Post by thebigcheese »

Haha, Katya...I'm pretty sure there would be something unethical about that. I like the "we'll give you x dollars per month" idea though. The trick is figuring out how much is appropriate.

I think scholarships are AMAZING when you can get them. But if I may soapbox/tell my sob story for a moment, I have a beef with competitive grading. I've seen both sides of it. I was always a really smart kid, really talented academically, so anything related to school was always pretty easy for me and I came into BYU with a scholarship. I had scholarships for a few semesters, but my lack of success in my original major completely and totally destroyed my chances of getting a scholarship for basically the rest of my BYU career. It was an art-based major, and I simply wasn't artistically talented enough to keep up with my peers. But I didn't discover that until my sophomore year when the classes started getting harder and they started grading on a curve. So, long story short, despite putting WAY more time and effort into school than I ever had in my entire life (read: spending entire days, entire nights, and entire weekends on campus on a regular basis), I got horrendous grades that year. And I lost the scholarship, with basically no hope of ever regaining it.

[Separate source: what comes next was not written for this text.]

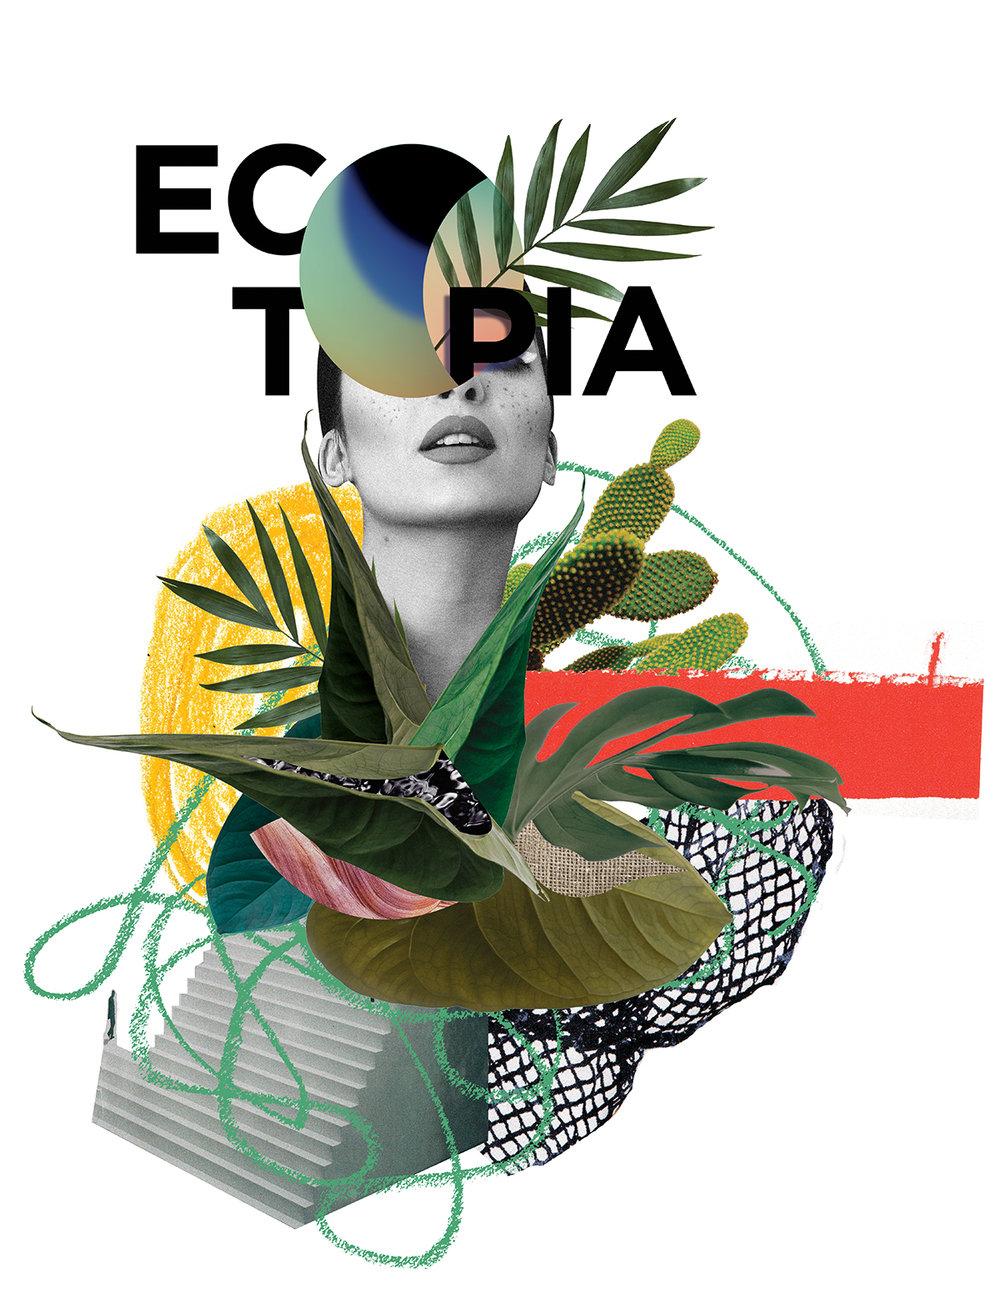 Ecotopia_2018_image1_LR_RGB.jpg

So, grading on a curve in a major that's based on talent = huge GPA killer for those at the bottom of the curve. I couldn't get a B to save my life. Talent gave the other students an edge that I simply couldn't keep up with, despite putting in a lot more hours and a lot more effort. I can't even begin to describe how stressful and frustrating that was for me. They didn't kick me out of the major. After 4 semesters I quit because, compared to my peers, I didn't feel sufficiently qualified to pursue that as a career. Otherwise, I absolutely loved that major and I still miss it sometimes. The major I ended up graduating in (psychology) was never half as cool or even 1/10 as interesting to me. Sigh.

Um, the moral of the story is...well, I don't know. Academic scholarships are not necessarily for the hard workers (though they certainly can be). Scholarships require hard work plus a good dose of talent, academic or otherwise.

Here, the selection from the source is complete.